Two graduating Alliance for Catholic Education Teaching Fellows, Trini Bui and Kyle Lansden, have earned grants from the Fulbright U.S. Student Program to teach abroad next year.
Bui taught middle school language arts at St. George Catholic School in Fort Worth, Texas, the past two years. Lansden taught third grade at Sacred Heart Catholic School in Oklahoma City the past two years. Each will receive a Master of Education degree from the University of Notre Dame in July. Bui will teach English in Vietnam from August 2018 to May 2019, and Lansden will teach English in Brazil from March 2019 to November 2019.
Bui said her ACE teaching prepared her to work with high school and college students in Vietnam.

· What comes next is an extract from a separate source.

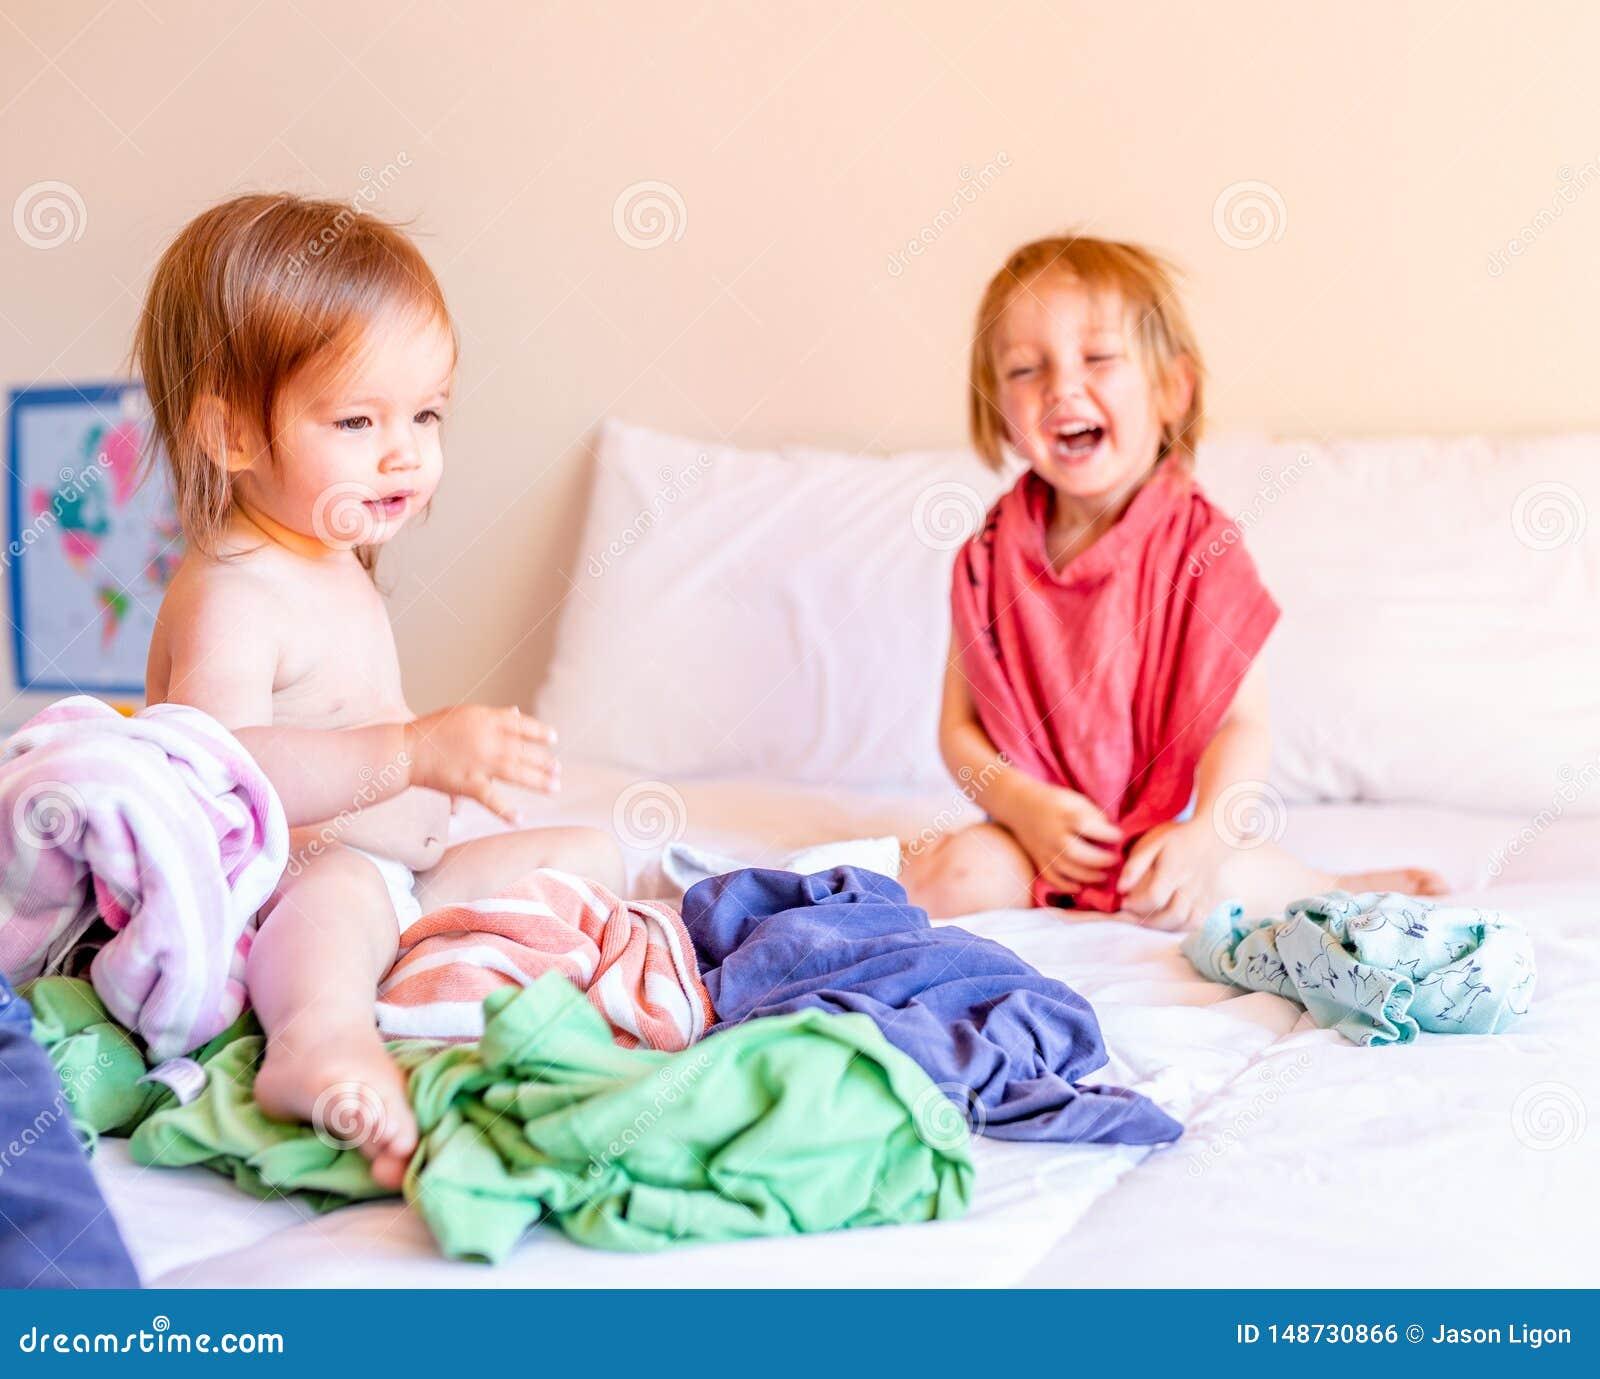 Busig syskongrupp Play i en h?g av tv?tterit p? s?ngen bolts muttrar f?r sammans?ttningsbegreppsfamilj

"My ACE experience has made me more confident in pursuing Fulbright. It's given me experience with teaching, dealing with unexpected situations, and living outside of my comfort zone," said Bui, who also minored in Education, Schooling, and Society as an undergraduate at Notre Dame.
Bui hopes that her Fulbright experience will give her an opportunity to connect more deeply with her own Vietnamese roots so that she can better understand her heritage while also learning to help her students explore their own cultural identities. As an ACE teacher, Bui said she was impressed by how comfortably her Vietnamese-American students engaged their culture in her classroom. Their familiarity with Vietnamese celebrations and traditions enriched class discussions, even for students from other heritages. Bui said she looks forward to representing American culture to her students in Vietnam, especially by drawing samples of American social media, music, and film into her classes.
"[As] Fulbright scholars… we work on developing a more comprehensive and complex view of the United States through activities, conversations, and relationships with the communities we're serving," Bui said, describing her responsibility to serve as an ambassador of the United States in Vietnam.
Lansden said he was initially inspired to learn Portuguese and study Brazilian culture after visiting Río de Janeiro for World Youth Day in 2013, Lansden looks forward to continuing to master Portuguese while supporting bilingual education in his classroom.
"Over the course of my last two years [in ACE], I really noticed how much more invested the kids are in their own educations when you are able to incorporate certain words or things from their native language and culture," Lansden said. While teaching at Sacred Heart, Lansden said he realized that incorporating his students' languages into instruction also was a powerful tool for building literacy skills that could later be transferred into English reading, writing, and discussion. Bilingual teaching also showed his students that their diverse cultures were valued in his classroom.
In addition to teaching English, Lansden will help train Brazilian teachers in methods of English language instruction through one of the country's federal universities. He hopes that this experience will help him evaluate and improve his own teaching practices and techniques in foreign language instruction.